### Supplied records
--------------------------------------------------
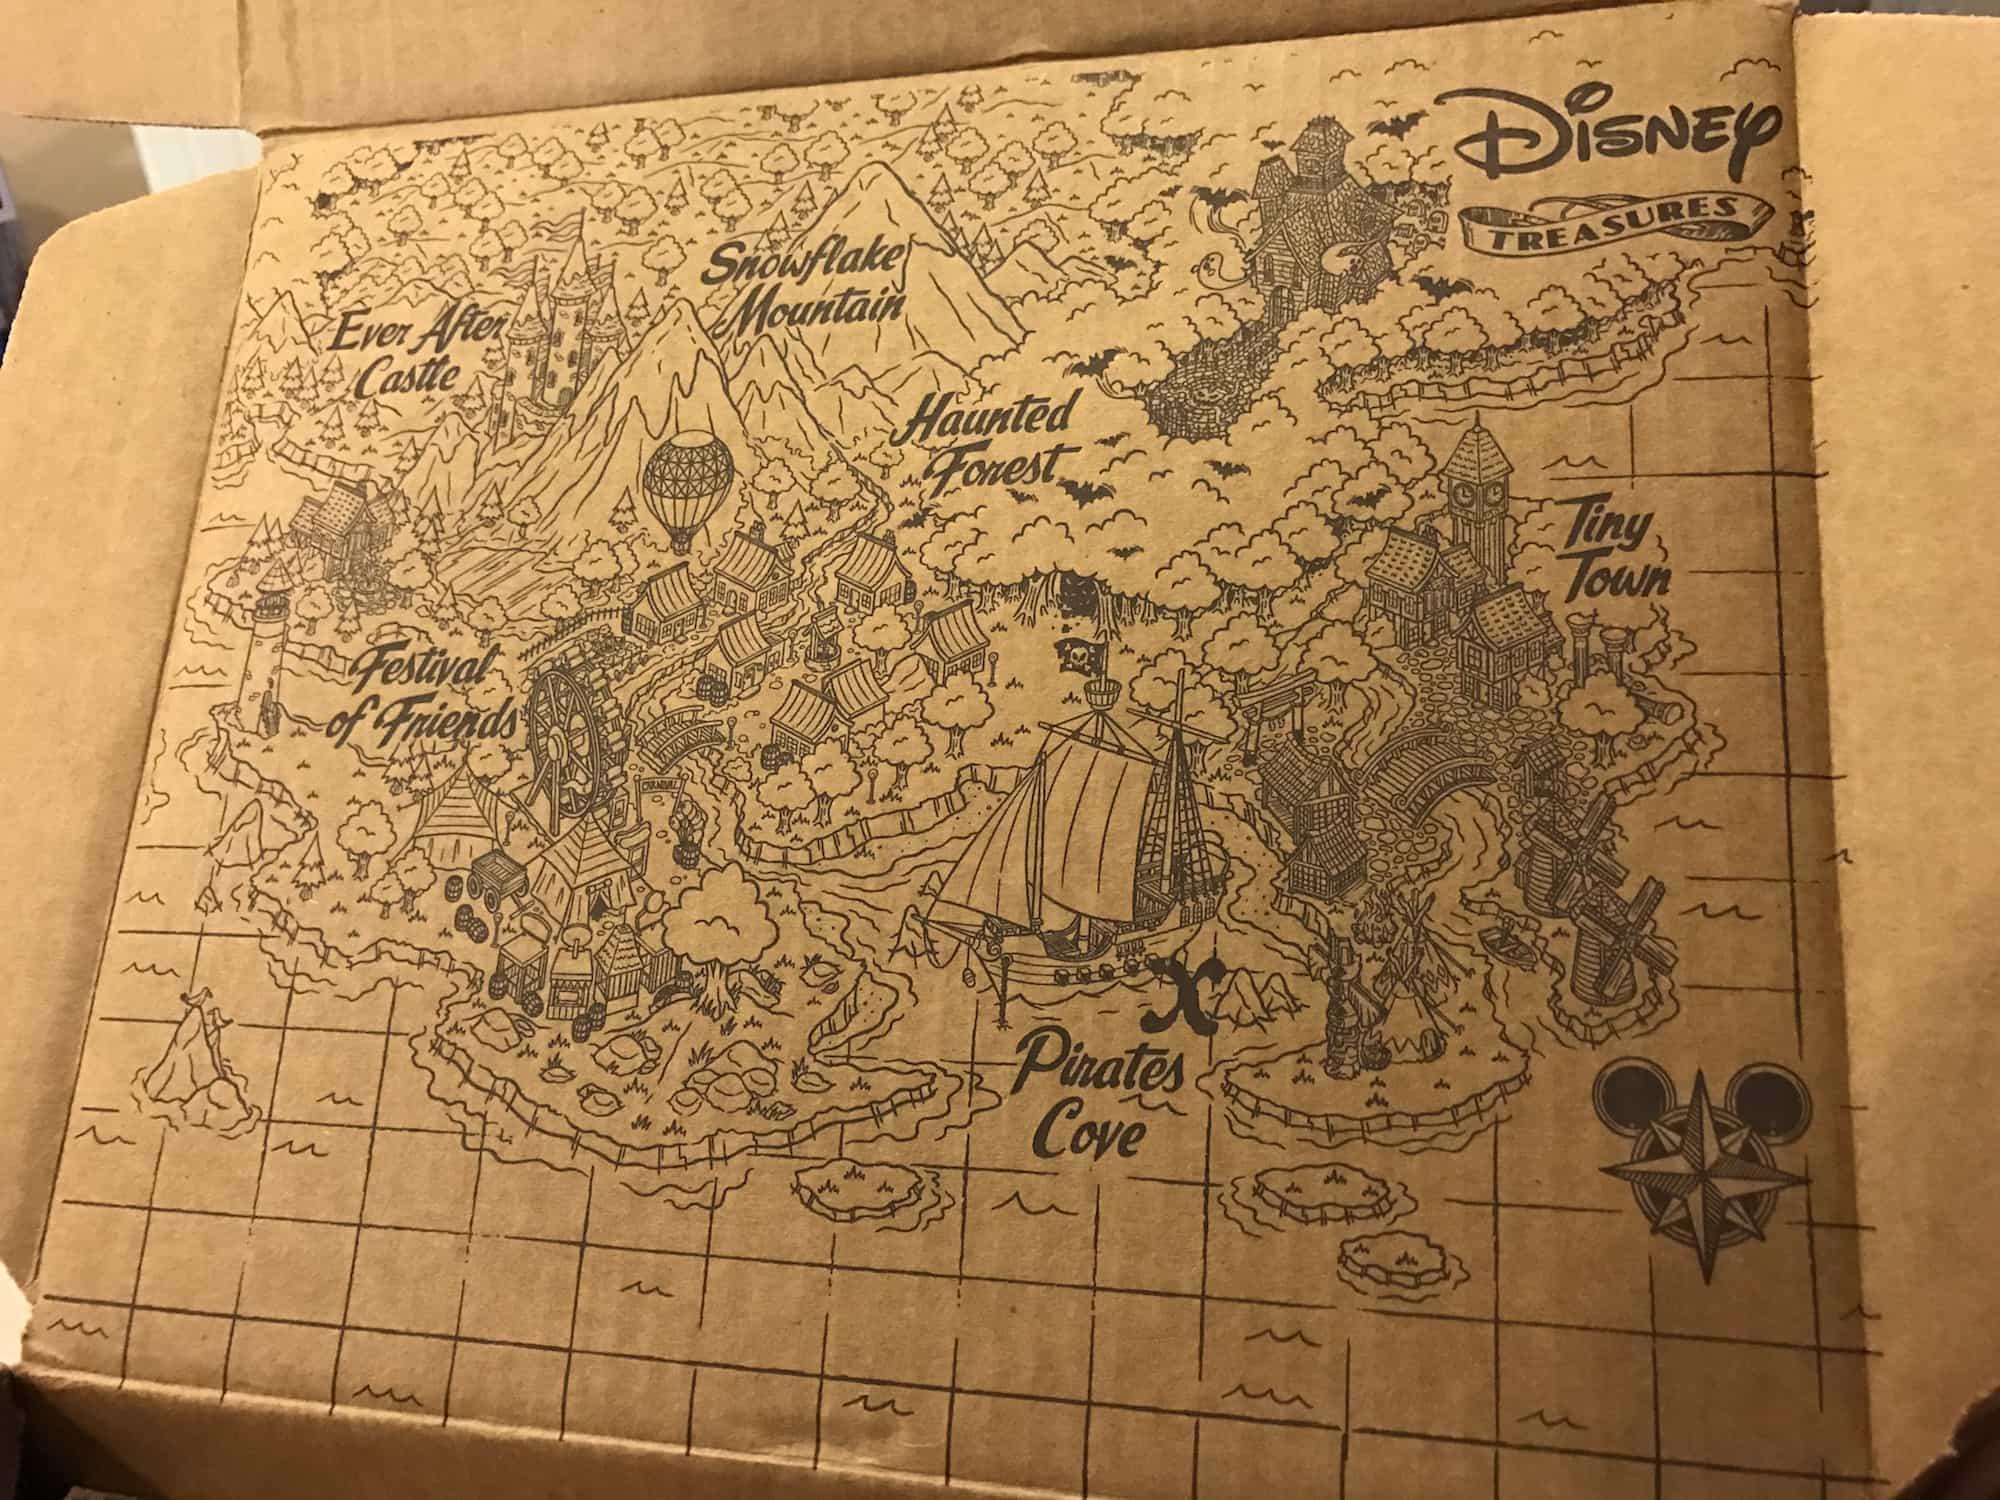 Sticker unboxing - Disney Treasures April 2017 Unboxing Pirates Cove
--------------------------------------------------
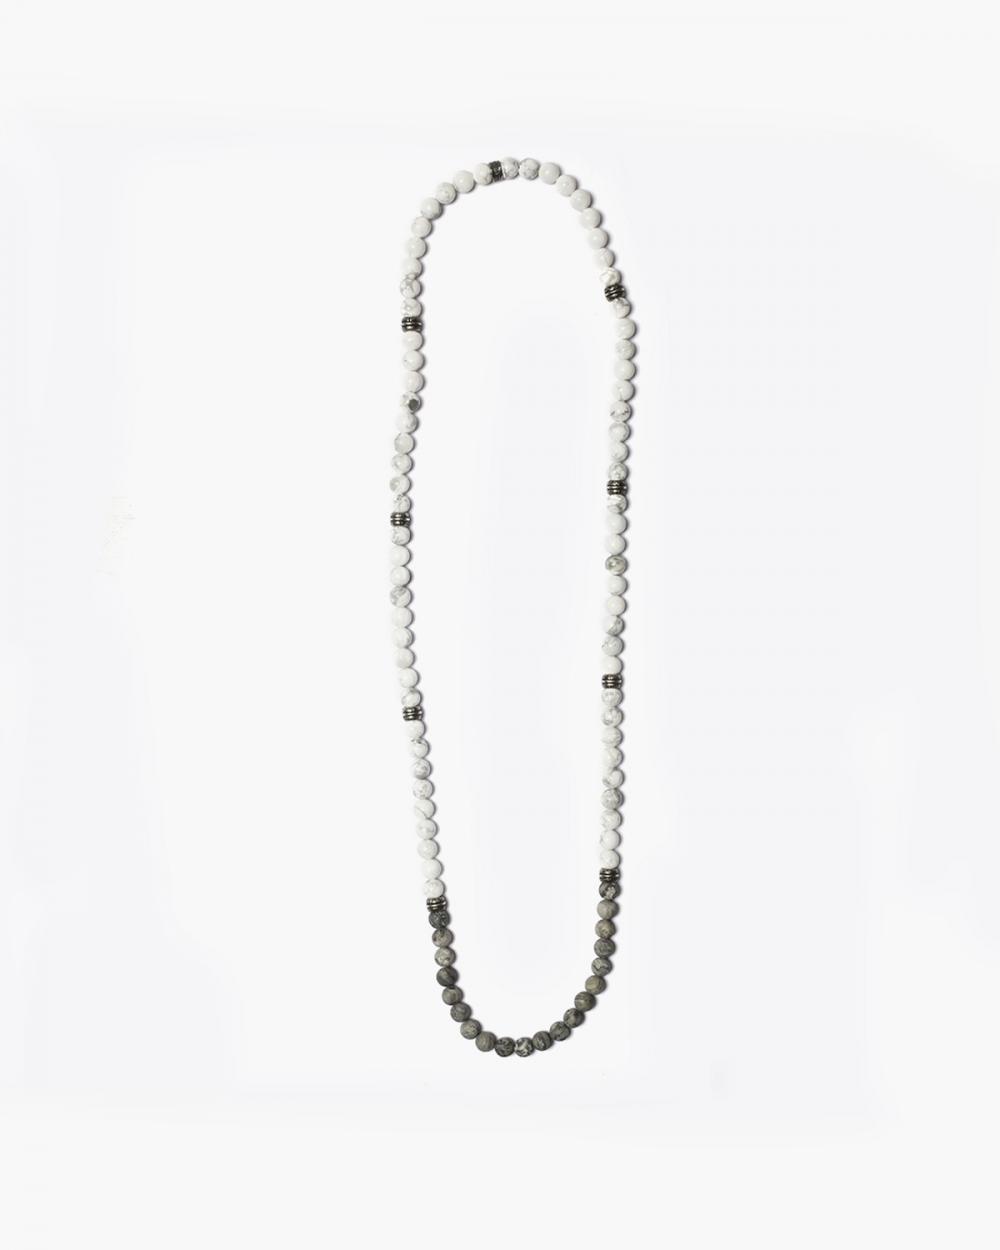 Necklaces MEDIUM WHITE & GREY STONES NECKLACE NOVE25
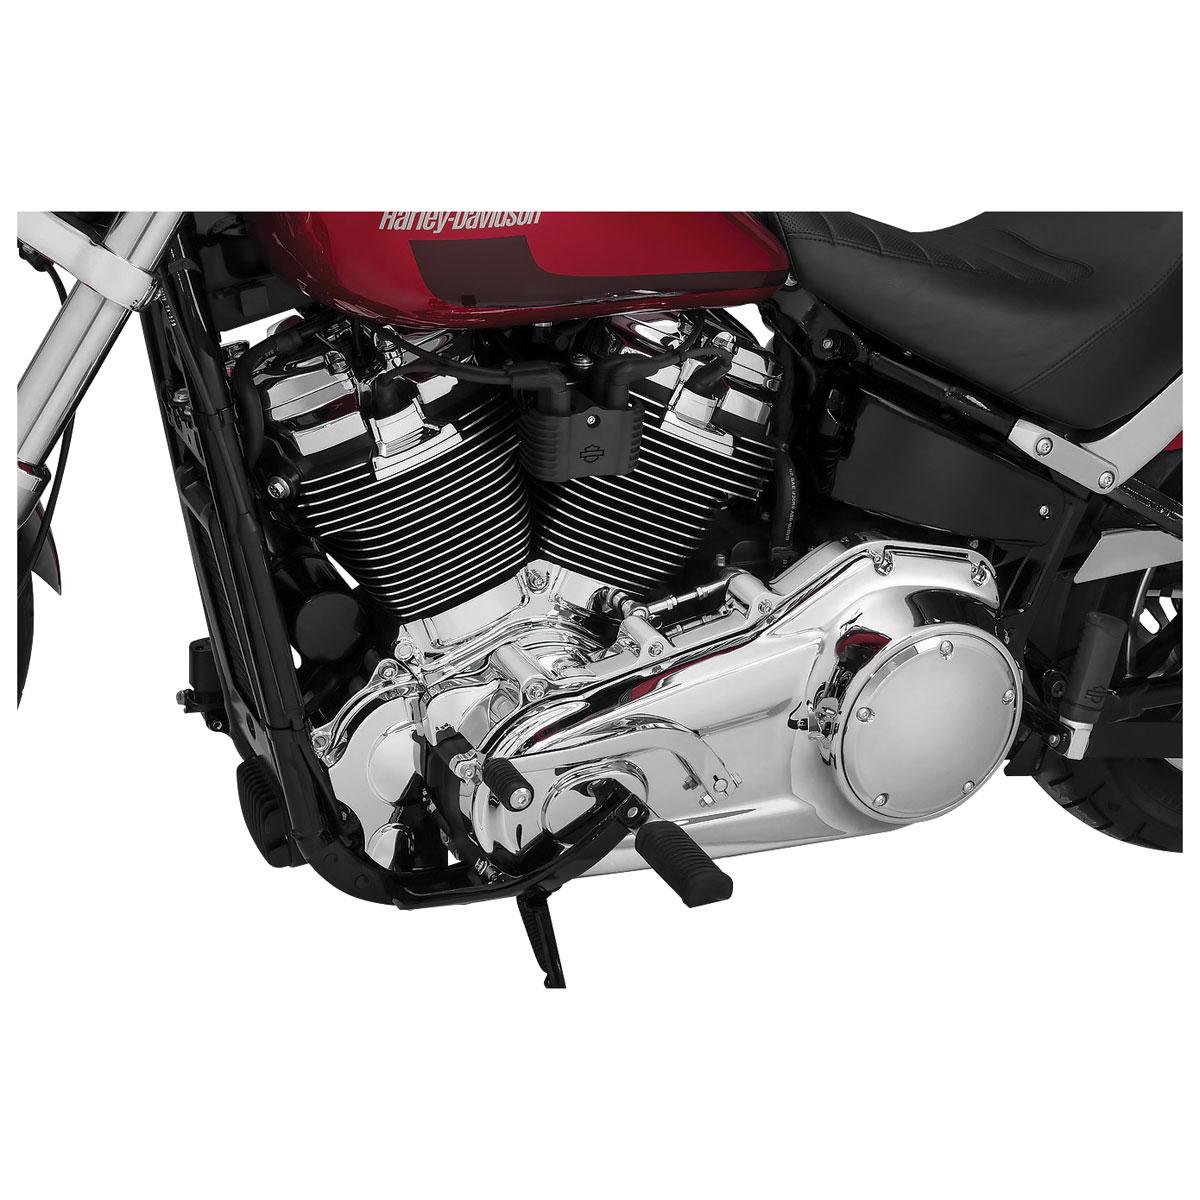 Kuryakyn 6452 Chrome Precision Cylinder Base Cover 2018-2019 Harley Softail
--------------------------------------------------
### Instructions for the task
Set down exactly the lines above, from the line containing "Necklaces MEDIUM WHITE" through the line containing "Kuryakyn 6452 Chrome". Skip the pictures.

### Response to the exercise
 Necklaces MEDIUM WHITE & GREY STONES NECKLACE NOVE25
 Kuryakyn 6452 Chrome Precision Cylinder Base Cover 2018-2019 Harley Softail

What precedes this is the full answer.